Belakangan ini, Alice mengerjakan proyek sampingan, sebuah penelitian membahas rasa penasaran sebagai salah satu karakteristik manusia. “Di kebudayaan kita, wanita yang selalu ingin memenuhi rasa ingin tahu pernah dianggap nista karena akan mengundang bencana. Wanita yang doyan bertanya juga bakal kena hukuman, dianggap tak tahu adat,” urai Alice. “Astronot biasanya lelaki kulit putih dari negara industri. Tapi, itu sudah mulai bergeser.”

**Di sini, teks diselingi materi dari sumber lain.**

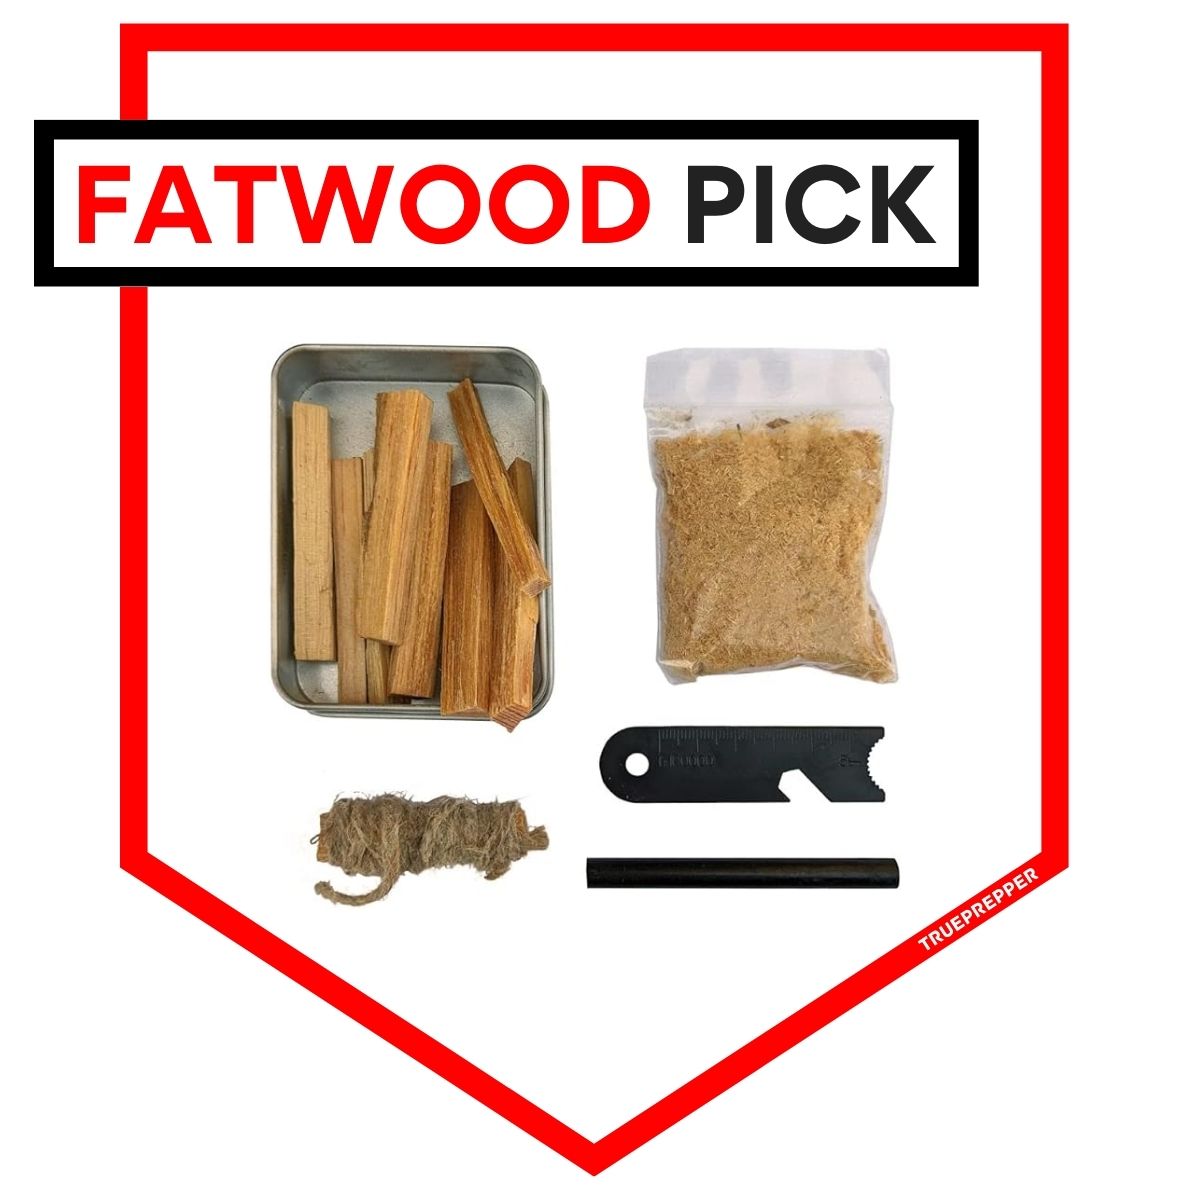 Steve Kaeser Fatwood Fire Starting Kit
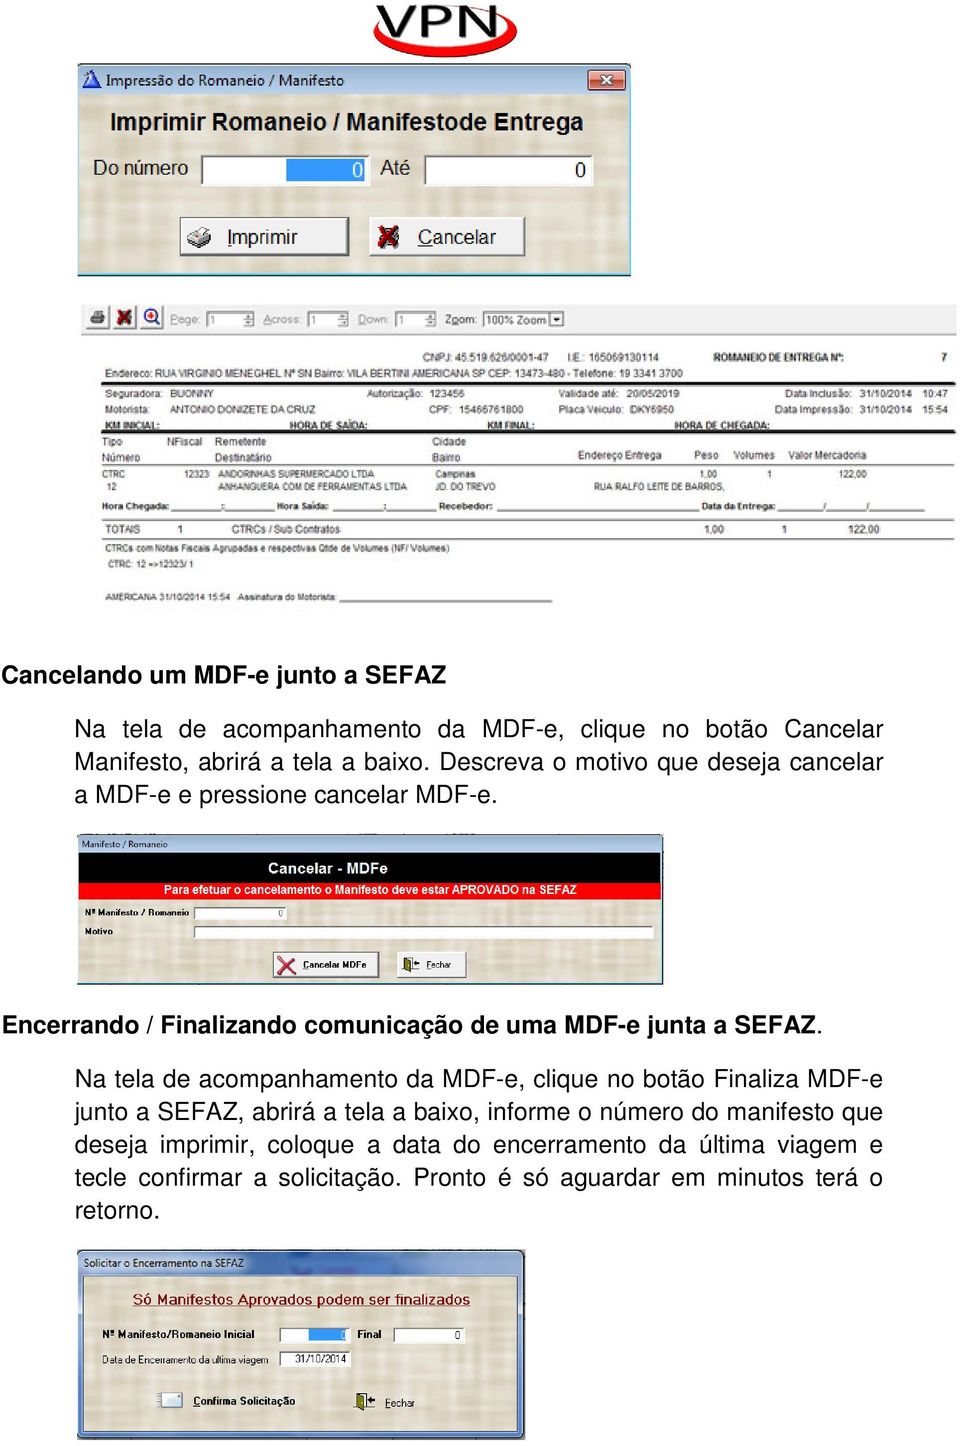 Na tela de acompanhamento da MDF-e, clique no botão Finaliza MDF-e junto a SEFAZ, abrirá a tela a baixo, informe o número do manifesto

Selain mendalami arkeologi, Alice adalah seorang ahli bidang analisa perkakas batu dan warisan budaya penduduk asli Australia. Dia kini menjadi seorang dosen senior arkeologi, sebuah cabang ilmu yang memiliki peribangan gender hampir 50/50. “Ini bisa terjadi karena arkeologi memayungi sains, seni ilmu budaya, dan sosial.” sejatinya, jumlah profesor arkeologi perempuan hanya mencapai 13 persen dari seluruh profesor bidang ini, jelas Alice. Untungnya dalam berbagai konferensi, jumlah arkeolog pria dan wanita hampir imbang.

Bagaimana dengan perimbangan gender di lanskap industri eksplorasi luar angkasa? “Jangan berharap banyak,” kata Alice.

Dari sekian ratus pengunjung sebuah gelaran industri luar angkasa di Australia, “Paling mentok cuma ada enam atau tujuh orang perempuan. Dari jumlah itu, setengahnya berprofesi sebagai insinyur luar angkasa. Orang selalu punya asumsi tentang siapa dan apa yang kita kerjakan,” tutur Alice yang pernah disangka sebagai petugas admistrasi oleh seorang ilmuwan luar angkasa ternama. “Karena saya perempuan paruh baya yang tak menonjol dan gampang dilupakan. Baginya, perempuan macam saya tak akan mungkin berbincang dengannya tentang sains.”

Prasangka beberapa lelaki terhadap perempuan yang berkecimpung di ranah sains dan teknologi perlahan berubah. Alice adalah satu orang bertanggung jawab atas pergeseran ini. Baru-baru ini, Alice baru-baru menjadi pembicara dalam sebuah gelaran National Science Week di Tasmania. Sesudah acara selesai seorang gadis menghampirinya. “Dia minta berfoto dengan saya. Rasanya seperti orang terkenal saja. Lantas saya berpikir ‘wow cuma bersedia ngobrol saja gadis itu sudah senang bukan main.’ saya kemudian berpikir tenyata ada baiknya juga jadi tokoh yang dikenal.”

Pada Oktober 2016, Alice menjadi pembicara di Office of Outer Space Affairs (Kantor Urusan Luar Angkasa) PBB. Alice melakukan diskusi mendalam bersama Kepala Sains Terapan lembaga itu Mereka terlibat pembicaraan seru tentang topik favorit Alice; arkeologi angkasa luar. Bagi Alice, diskusi ini adalah sebuah kemenangan gemilang. Dalam waktu dekat, Alice akan mempresentasikan hasil kerjanya di depan Committee on the Peaceful Uses of Outer Space (COPUOS), PBB.

“Saya bakal sungguh-sungguh melakukan presentasi dan kajian sampah luar angkasa. Sebab kalau saya laki-laki, saya pasti lebih mudah melakukan semuanya.”